Our next day's adventure was to visit Toledo, only 87 kilometers from Madrid. We got our tickets from Viator. You would have to select from several different types of bus tours, we took the "Toledo half day" tour.
This is the first view we had of Toledo as the bus crossed the River Tagus. I would assume that the bus followed this route to give our tour group a great view of Toledo, and if so they certainly made it nice for us!
This Jewish emblem notes the boundary of the original Jewish section of the old city. However, during the Spanish Inquisition all Jews were expelled from Toledo and none live there today.
The courtyard of the Monastery of San Juan de los Reyes. This is a beautiful building and quite famous!
The original church was completed in 1504, commissioned by King Ferdinand II of Aragon and Queen Isabella I of Castile. Mass is still celebrated here!
The Monastery chancel is decorated with an altar (mid-16th century) from the former Santa Cruz Hospital by sculptor Felipe Bigarny and painter Francisco de Comontes, depicting scenes from the Passion and the Resurrection, as well as two scenes of the Santa Cruz legend.

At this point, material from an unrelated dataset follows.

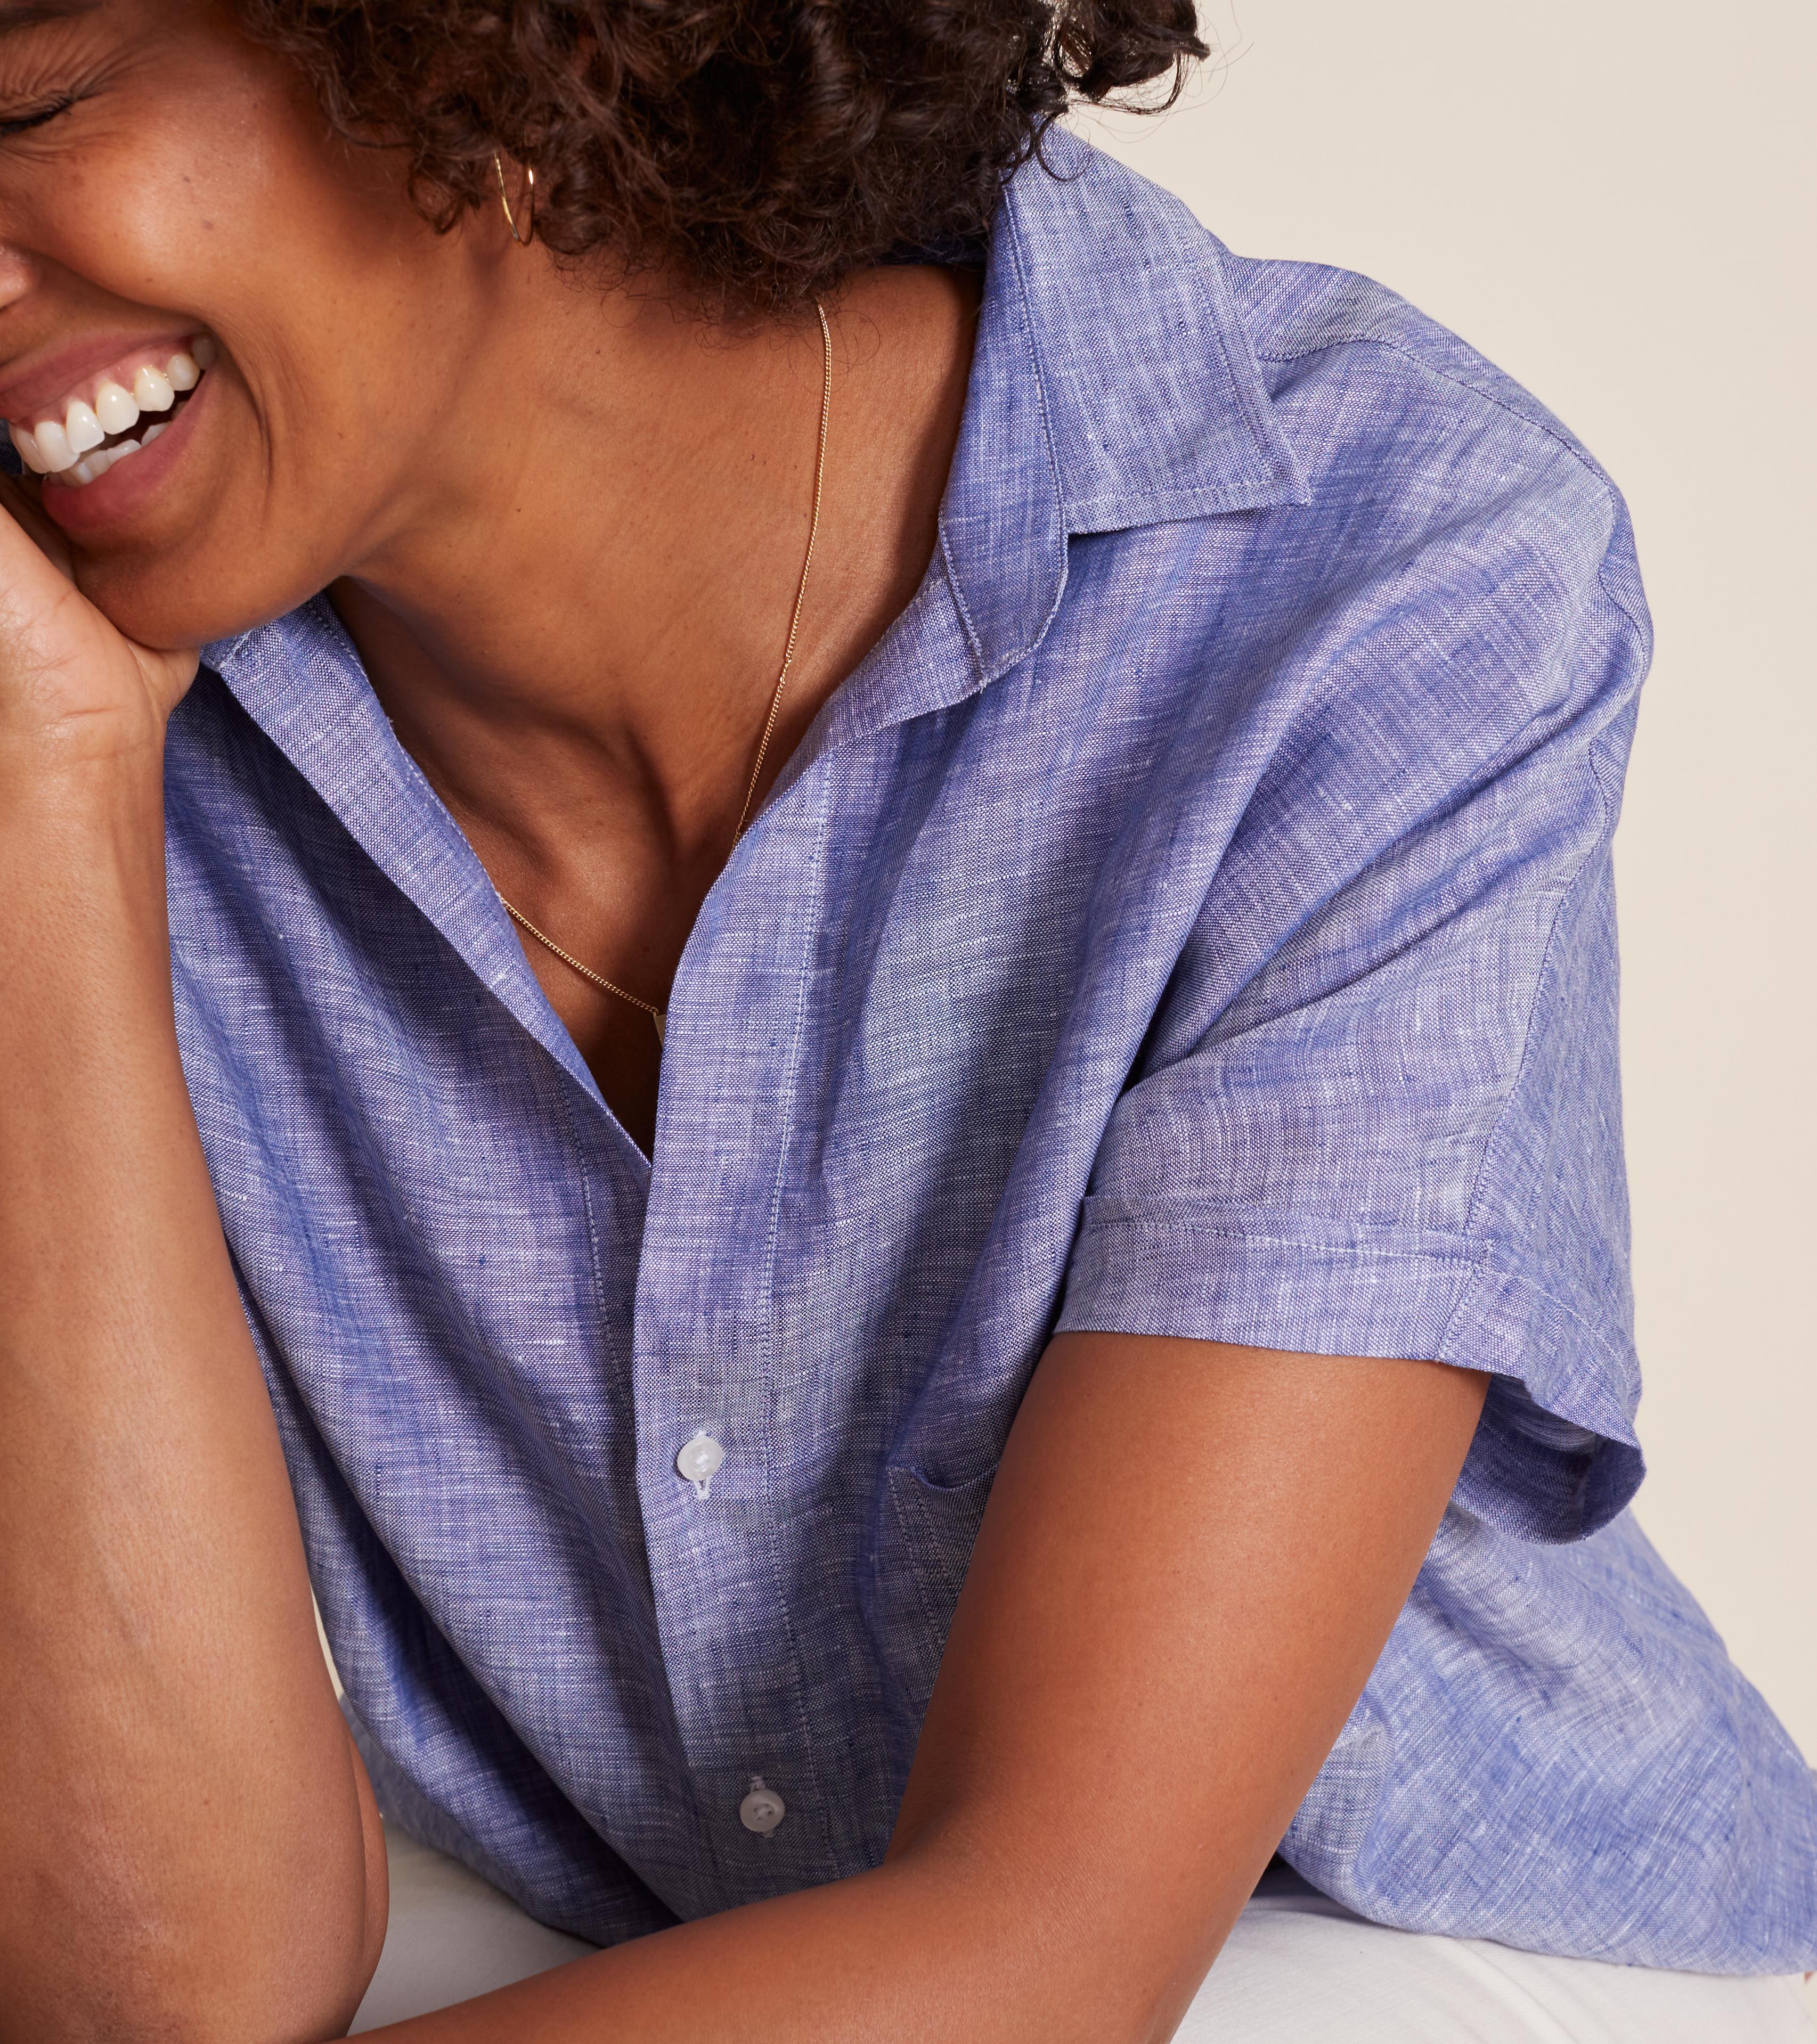 Image of The Artist Short Sleeve Shirt Dark Blue, Tumbled Linen Final Sale

We had just exited Jardines del Cabo Noval (park near the Royal Palace) and had entered the Teatro Real area when we saw this street performer. Yes they are pan-handling, but you have to admit that it was a unique costume!
I should mention that it was a warm day, and we were wondering how this street performer could remain still for such long periods of time without hydration?
This was our last dinner in Madrid, we ate at the Fogg Bar Birras & Cheese on the Calle de Moratín about 1.5 kilometers from our hotel.
That item in the picture above is a Spanish version of nachos with a guacamole sauce and it was delicious! The restaurant had a very good draft beer selection, of which we put to good use too.
The name of this establishment might make you think that it was just another pub, but their food was quite good and the restaurant filled up rapidly while we were enjoying our dinner.